It is necessary to consider that women can be exposed to lead not only at work but also through the clothes, shoes, and work instruments that are taken home by the cohabitants who work in places where lead is used. Higher BLCs in pregnant women who live with someone who is exposed to lead at work in comparison with those who live in houses where nobody works in places that lead is used have been observed [40]. In addition, lead exposure may occur when women use some cosmetics, such as surma or kolh, and other beauty products [41, 42, 43].

Women can also be exposed to lead by pica habit, an eating disorder that consists of the consumption of non-food items without nutritional value. Among the most harmful types of pica is the consumption of soil, paint chips, and pottery. Pregnant women consuming these items put both themselves and the fetus at risk of lead poisoning [44, 45]. In Mexican, women who were recognized that they used to eat soil had significantly higher BLL compared to those who did not have this habit [40]. In one study in New York, pica behavior among lead-poisoned pregnant women (BLL ≥ 20 μg/dL) was 9%. The most common practice among them was eating soil (64.6%). The probability of having BLLs ≥40 μg/dL among women who reported pica was three times higher in comparison with those women who did not report this habit. In addition, pica-reporting women had a mean peak of BLL during pregnancy significantly higher compared to those who did not report pica (29.5 μg/dL vs. 23.8 μg/dL) [45].

In addition to the effects of lead on women’s fertility, a wide range of published reports refers to the damage caused by this heavy metal during pregnancy (see Figure 2). Prenatal exposure to lead can cause several obstetric complications and adverse pregnancy outcomes [46]. Lead absorbed into the body, mainly by ingestion or inhalation, enters the bloodstream and accumulates in soft organs (mostly in brain, liver, and kidney) and bones [47, 48]. It is considered that lead in bone represents approximately 95% of the total body burden in adults [47]. During pregnancy, the demand of calcium rises, and lead stored in bone can replace the calcium and recirculate in the bloodstream, becoming an endogenous source of exposure [16, 48, 49, 50]. Lead from the blood can cross the placenta and impair the development of the fetus [51, 52]. Therefore, lead-exposed women are at risk of suffering various pregnancy complications, such as spontaneous abortion [1, 53], preterm delivery [54, 55], GDM [8, 56], pregnancy hypertension [57, 58, 59], preeclampsia [60, 61, 62, 63, 64], premature rupture of membranes [65, 66], intrauterine growth restriction [67], and low weight birth [68, 69], among others.

Figure 2.

Harmful effects of lead on female reproductive health.

Although some researchers have failed to demonstrate the relationship between lead and abortion [70, 71], a study conducted in Mexico showed evidence that, even low-to-moderate lead exposure, below 30 μg/dL of blood lead can increase the risk of spontaneous abortion [1]. In this case, the range of BLLs in pregnant women was 1.4–29 μg/dL. Those lead concentrations can be considered common in general population in many countries, and lower to those observed in occupationally exposed women.

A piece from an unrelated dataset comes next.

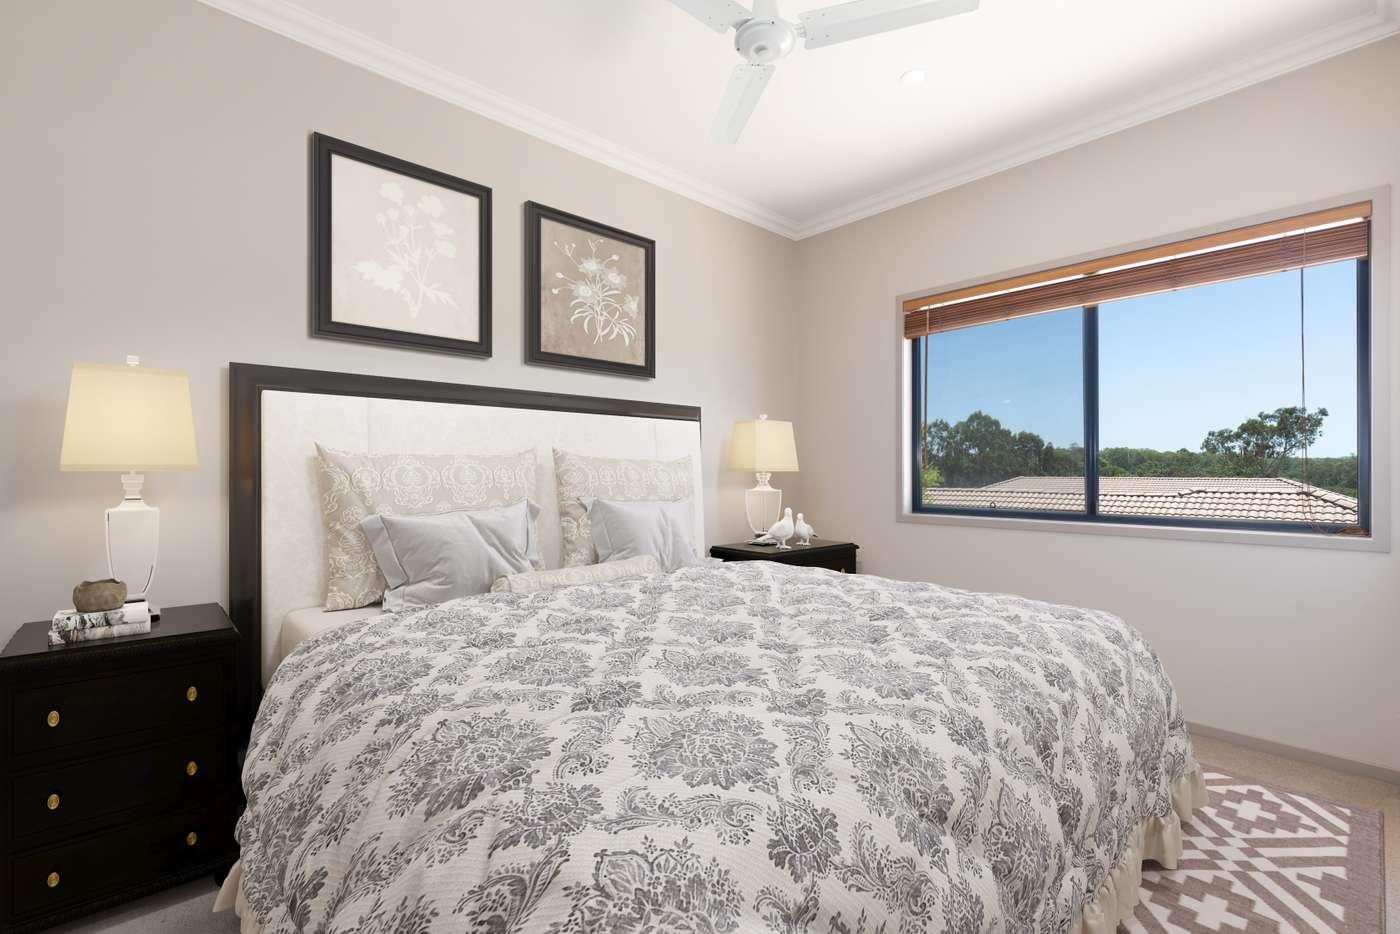 Fifth view of Homely villa listing, 14/119 Sugarwood Street, Moggill QLD 4070

It is considered that the mechanism by which lead induces abortion is related to the direct transmission of the metal to the developing fetus due to the demineralization of bones during pregnancy [72, 73].

Several studies have confirmed that pregnant women exposed to lead have more probability of having a preterm delivery compared with non-exposed women. Nevertheless, results are still inconsistent. In a prospective cohort study carried out in China, maternal urinary lead was measured and adjusted by creatinine, and newborns were classified as preterm birth and early term birth. The mean urinary lead levels were significantly higher in preterm births. In addition, among all newborns, an increase in maternal urinary lead was associated with a decrease in gestational age [3].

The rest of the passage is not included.